We appreciate the excitement about processing (dis)fluency, so much so that we have explored its contribution to people’s judgments ourselves (e.g., Matvey et al. 2001; Mueller et al. 2014). In looking back at some highly-cited papers on disfluency effects, we understand why they captivated our interest. But given the current replicability crisis across all sciences, tempering one’s excitement until a phenomenon has been replicated is not a bad idea. For this reason, the target articles provide a major contribution to the literature by reporting a variety of attempts to replicate the disfluency-relevant outcomes by Diemand-Yauman et al. (2011). And, as summarized in Table 1 of Kühl and Eitel (2016), not one of the target articles reported a significant effect (collapsed across moderating groups) of presenting perceptually degraded materials on performance.

One caveat here is that the attempted replications in the target articles were conceptual replications. And, as Pashler and Harris (2012) argue, such conceptual replications may not be as informative as direct replications:

If a conceptual replication attempt fails, what happens next? Rarely, it seems to us, would the investigators themselves believe they have learned much of anything. We conjecture that the typical response of an investigator in this (not uncommon) situation is to think something like “I should have tried an experiment closer to the original procedure—my mistake.” Whereas the investigator may conclude that the underlying effect is not as robust or generalizable as had been hoped, he or she is not likely to question the veracity of the original report. As with direct replication failures, the likelihood of being able to publish a conceptual replication failure in a journal is very low. But here, the failure will likely generate no gossip—there is nothing interesting enough to talk about here. (p. 532)

Their arguments are well taken and should be considered in the context of the target articles. First, from our perspective, we have learned a great deal from the conceptual replications from the target articles, because the lack of conceptual replications (at a minimum) indicates that the breadth of any disfluency effect is limited. Second, Pashler and Harris (2012) are likely correct that many failed attempts to conceptually replicate would not be publishable, and not publishing is one reason why little gossip would be generated. Accordingly, we applaud Metacognition and Learning (and the guest editors, Alexander Eitel & Tim Kühl) for pursuing disfluency effects and publishing the target articles, despite their failures to conceptually replicate prior research. After all, the target articles not only report possible boundary conditions for disfluency effects, but they also provide a great deal of positive evidence and advances within the areas in which the conceptual replications were conducted.

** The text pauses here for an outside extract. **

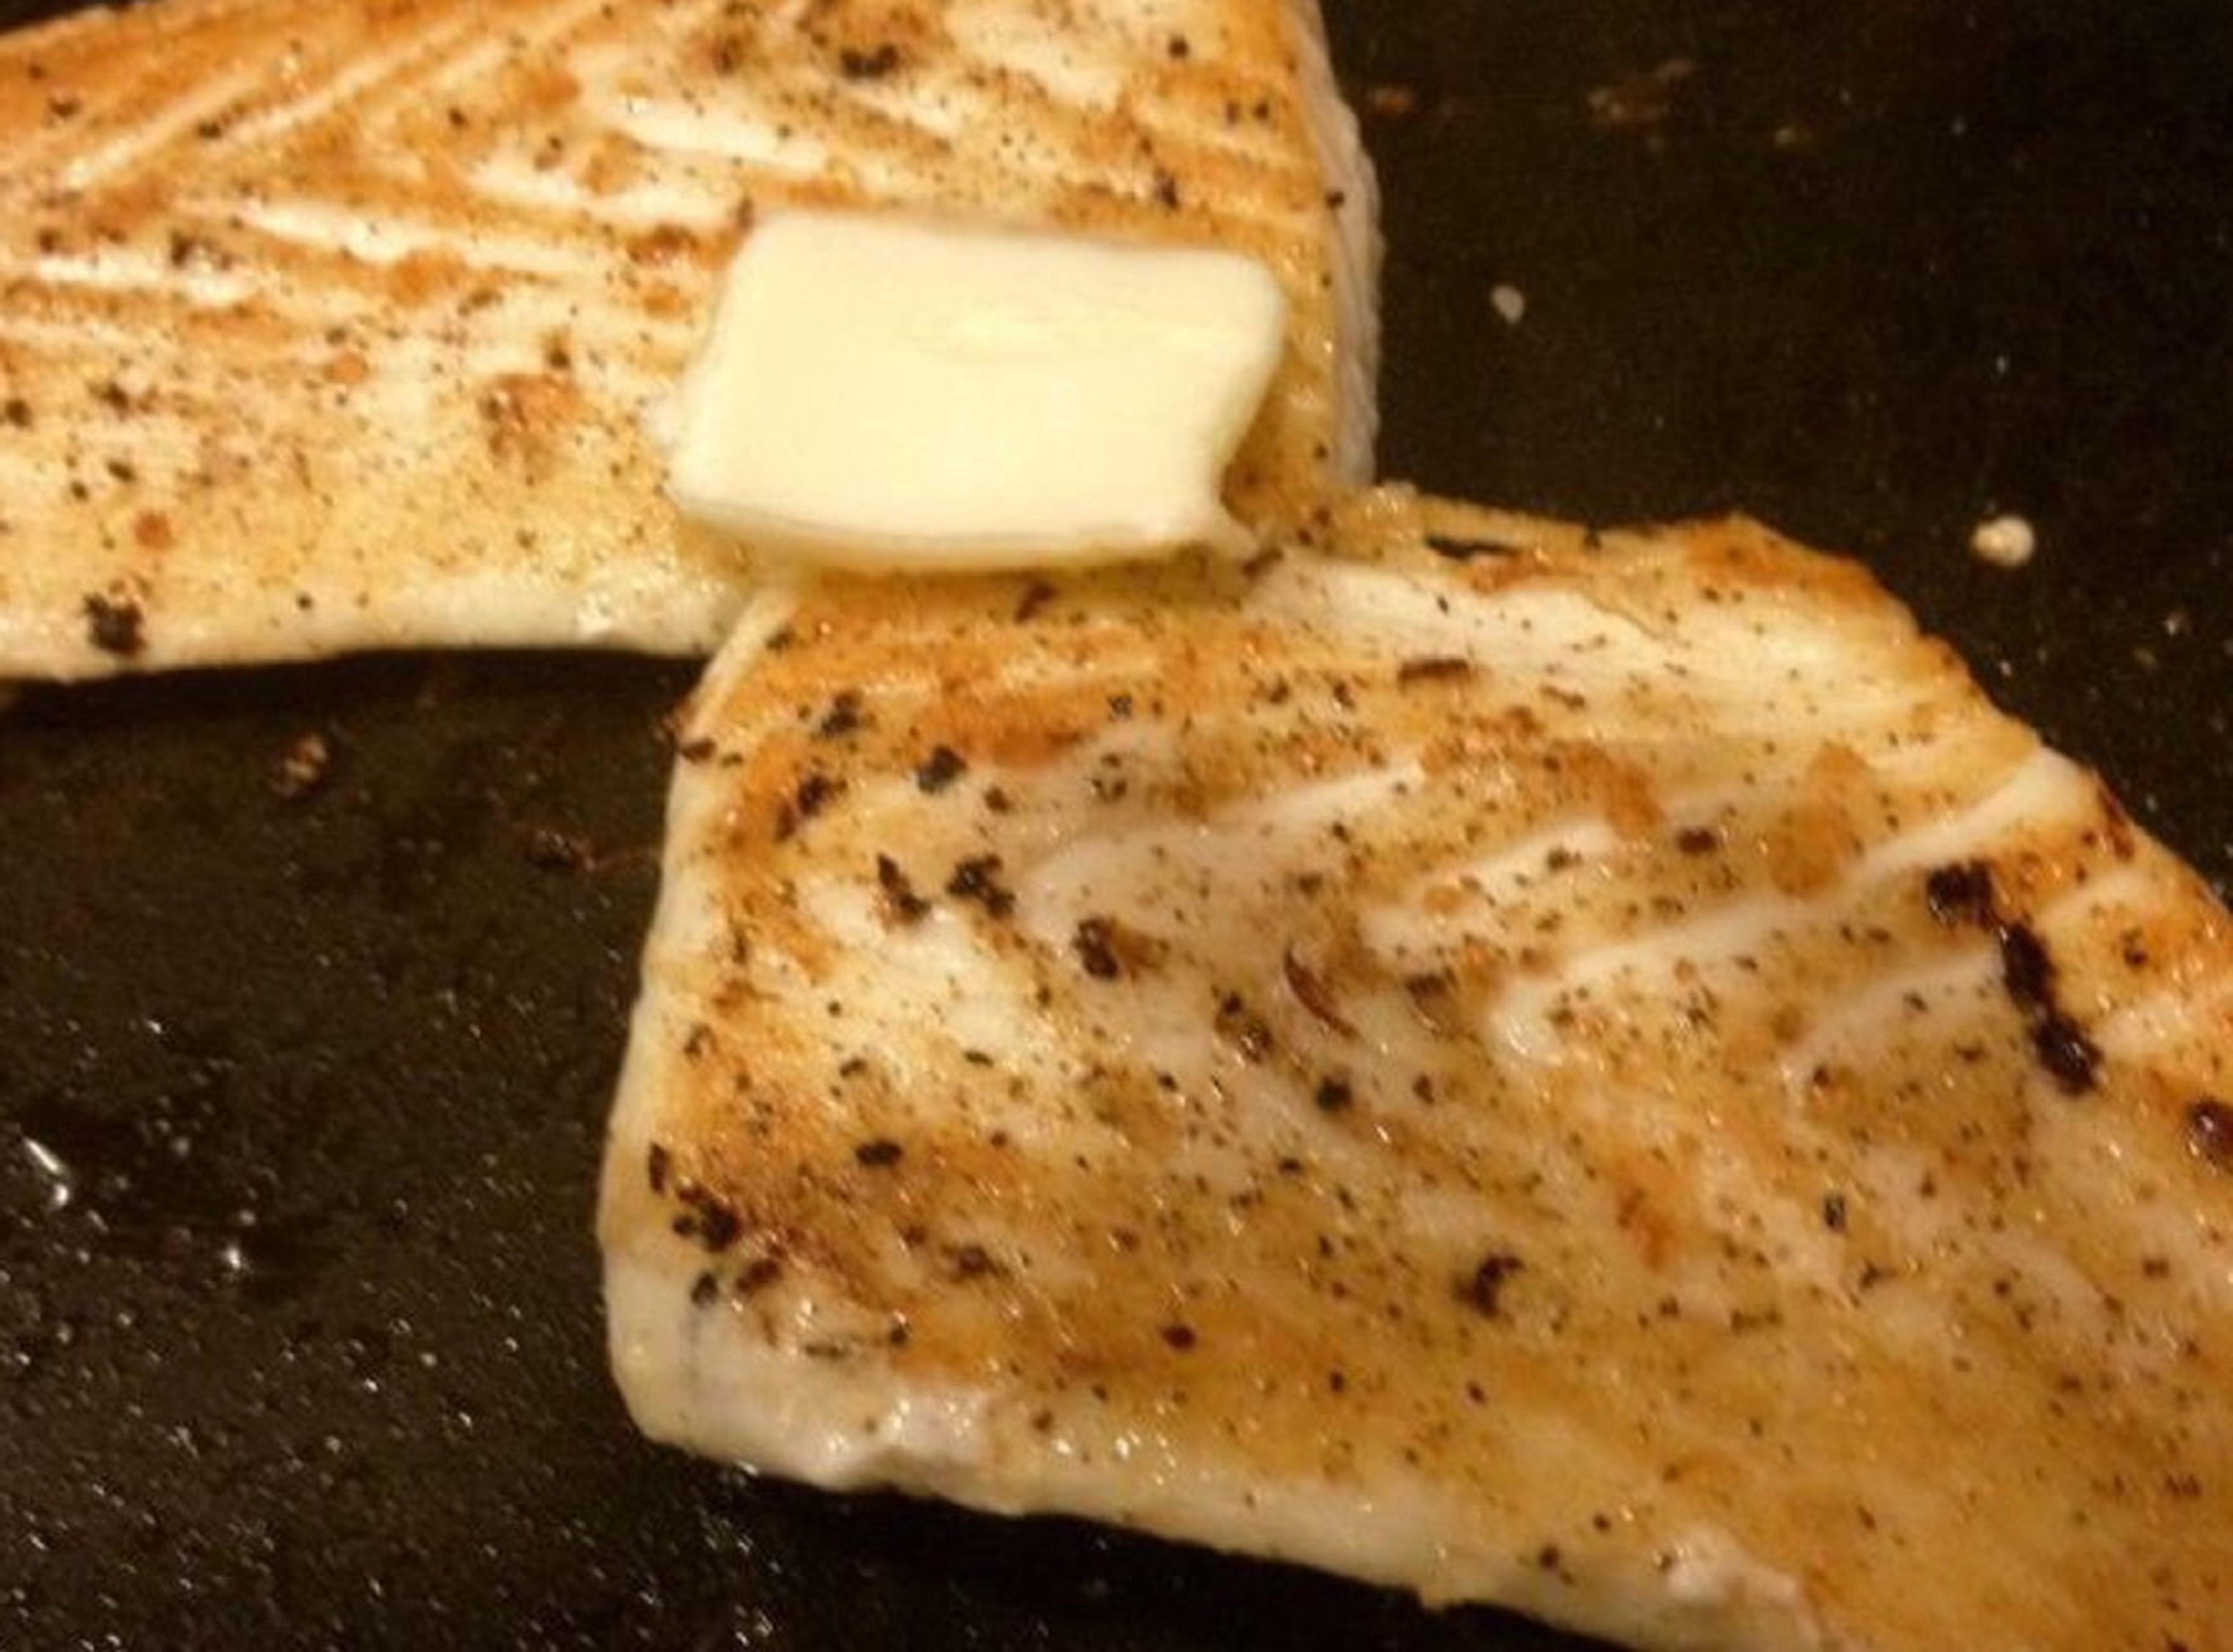 Beide Seiten des Heilbutts mit Salz und frisch gemahlenem Pfeffer würzen. Dann im Speckfett braten. Dabei zunächst die erste Seite etwa 4 – 5 Min. braten, dann umdrehen. Butter auf den Fisch geben und etwa 3 – 4 Min. auf der zweiten Seite braten.

Compared to conceptual replications, direct replications are arguably more valuable for establishing a new phenomenon (for attempts to replicate high-profile outcomes, see the Reproducibility Project at https://osf.io/ezcuj, which also includes a failure to replicate a possible fluency effect). To this point, Rummer et al. (2016) employ an informative approach by attempting to replicate the focal effect as closely as possible and extend it to explore its underlying nature. Their evidence did not replicate outcomes from Dieman-Yauman et al. (2011), but notably, Rummer et al. (2016) do point out that despite using very similar methods, they were not identical, and perhaps minor differences in methods will be responsible for the failures to replicate. Even attempts to directly replicate a robust phenomenon would not always produce statistically significant outcomes (e.g., Schimmack 2012). What is needed is a method to combine outcomes from multiple direct replications to evaluate the overall robustness of an effect, and fortunately, Braver et al. (2014) recently introduced the continuously cumulating meta-analysis (CCMA) to do just that. We hope that the use of CCMA catches on, if only for the reason that conducting a CCMA requires multiple direct replications of a target effect.

Given that disfluency effects – if they are robust – will likely be moderated, replicating outcomes relevant to the moderated disfluency hypothesis are essential. For instance, Sidi et al. (2016, Experiment 2) reported a disfluency effect when the difficult to read material was presented on the computer screen but did not find the effect when materials were presented on paper. This interaction is encouraging. We suspect this one (and others like it) will promote further research on disfluency effects, but replications of this interaction (and others) will be needed before our own excitement is entirely rejuvenated. Our hesitation here is heightened by the fact that the moderated disfluency hypothesis based on working-memory capacity received mixed support in the target articles. Outcomes from Lehmann et al. (2016) confirmed the hypothesis, whereas outcomes from Strukelj et al. (2016) did not. Given the number of differences in methods between these studies, we will not speculate why the differences occurred. Our main point is simply that before much fanfare is raised about the possibility of moderation, replication is needed.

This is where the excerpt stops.